The lure of the beach is hard to shake
— Marcin Gortat (@MGortat) May 25, 2014
(This makes me inexplicably happy.)
After minor Sergery, Spurs expect quick recovery
@thirstyvillain: The way that the San Antonio Spurs dismantled the Oklahoma City Thunder in the first two games of the Western Conference Finals had me thinking that the series was over in five games at a maximum. Last night’s performance might have changed my tune jusssst a little.
Ignoring the final score, which was closer than it should have been, OKC put together what might be its finest game of these playoffs. Their finest wouldn’t have been possible though without hyper effective shooting throughout most of the game, ultra aggressive team defense thanks to the return of IBLAKA and solid bench contributions from both Butler and Adams.
"I was very disappointed that we didn't come out with more of a 'foot on the neck' attitude." Gregg Popovich
— Ben Golliver (@BenGolliver) May 26, 2014
As much as OKC played all-world basketball in Game 3, San Antonio were on the level of the Washington Generals.

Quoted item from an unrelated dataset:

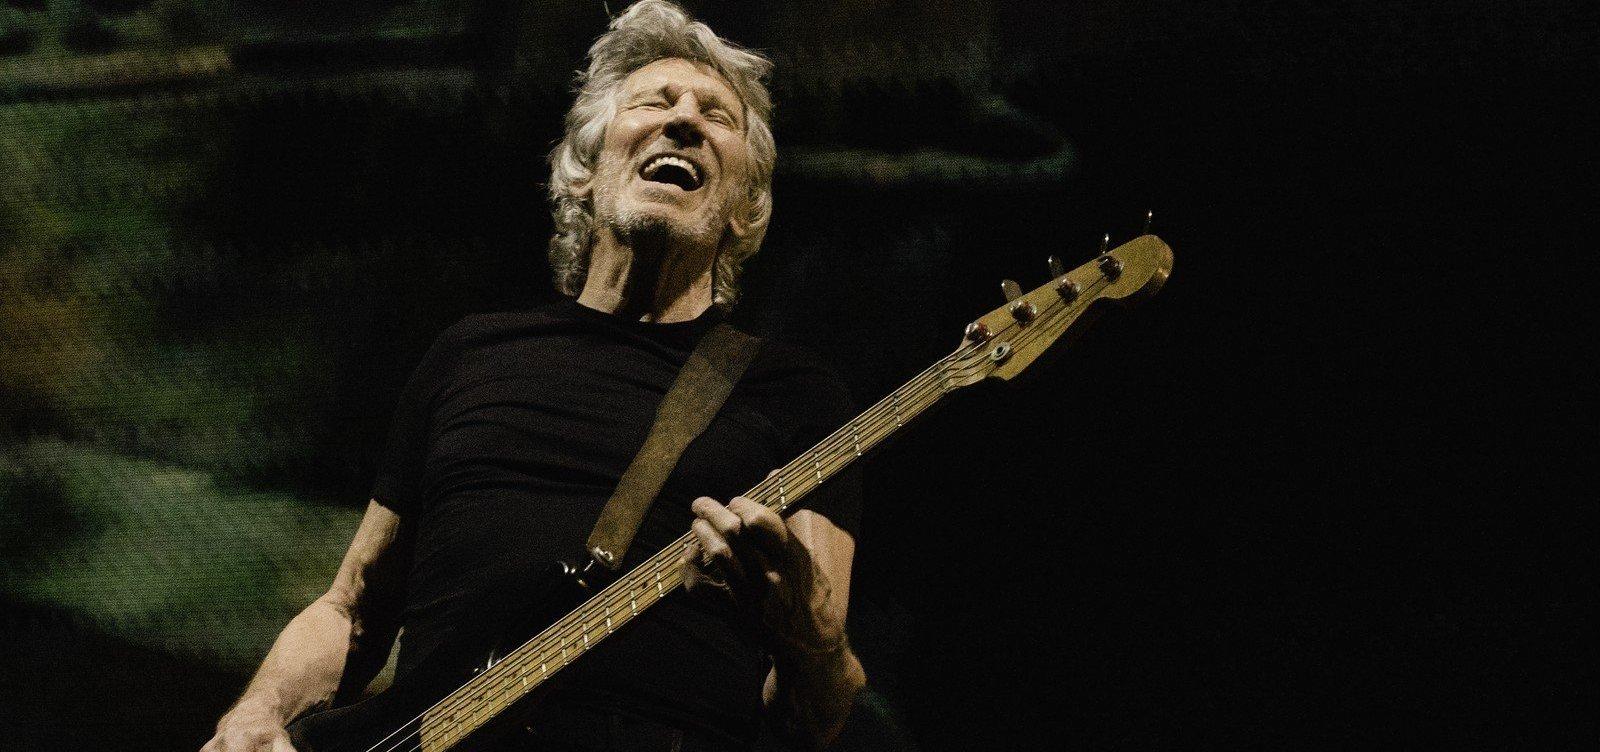 Roger Waters quer visitar Lula na prisão antes de deixar Brasil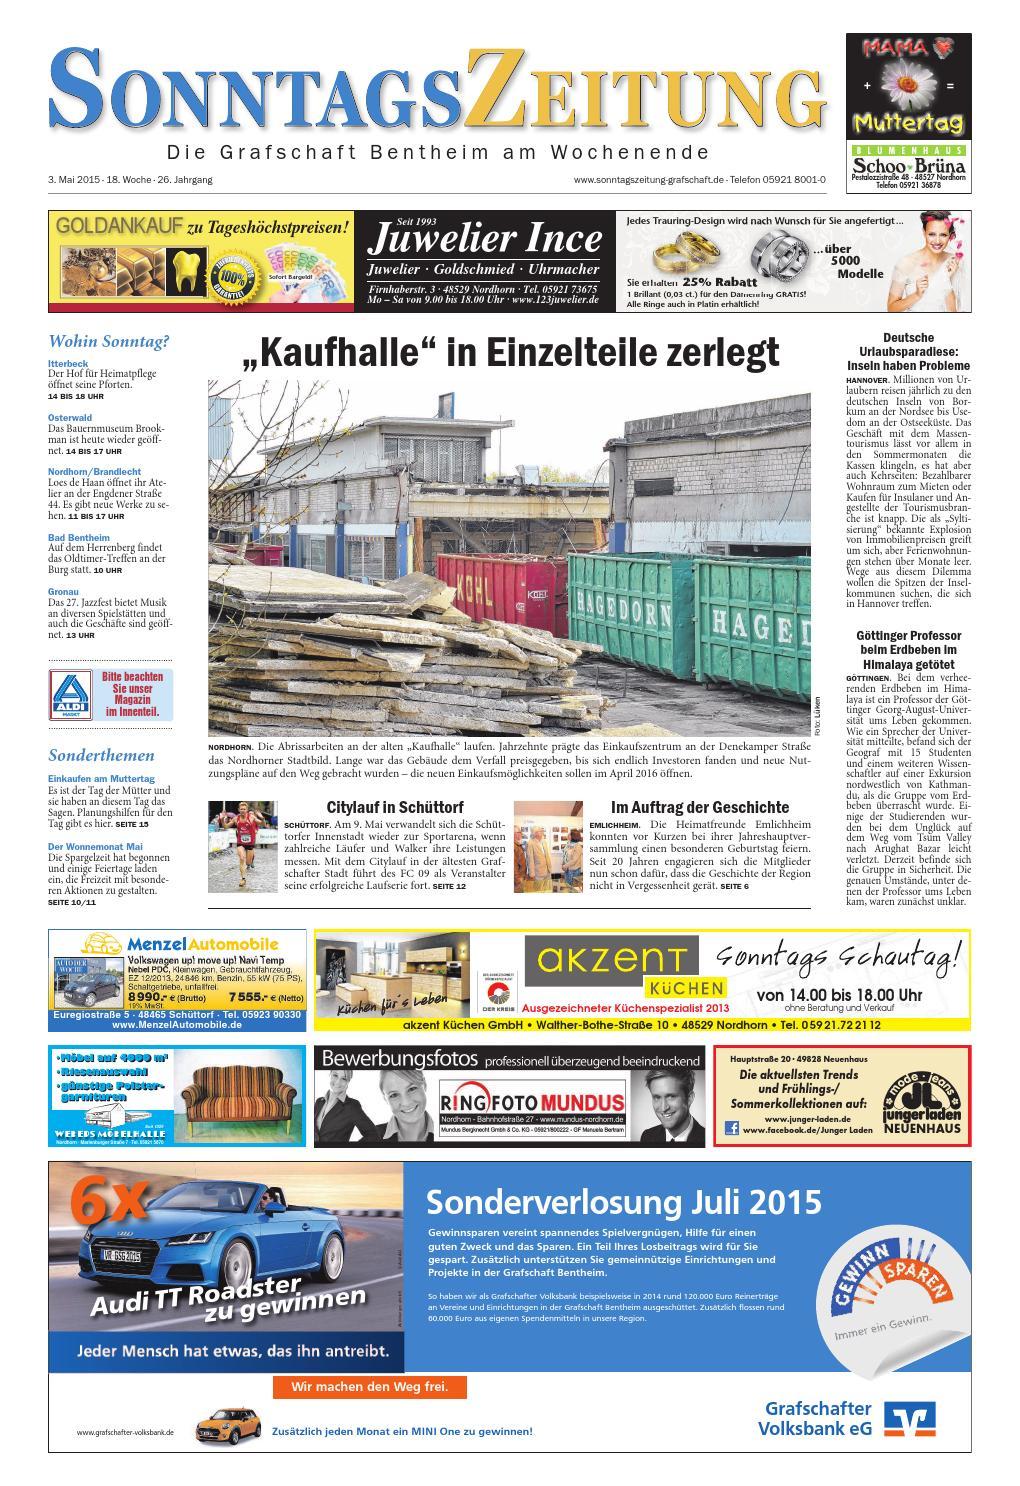 Sonntagszeitung 3 5 2015 By Sonntagszeitung Issuu

San Antonio threw up 16 turnovers which all seemed to come from Tony Parker and Manu Ginobili, were constantly late on their defensive assignments and shot a horrendous 39% for the game. Call me crazy, but I don’t see San Antonio repeating ANY of these feats in Game 4, just as I also don’t see Oklahoma City repeating their feats either.
What does that mean? OKC may have bought themselves an extra game in this series, but I still see San Antonio doing what they do best: making adjustments, remembering that they’re the best basketball team on the planet and taking care of business.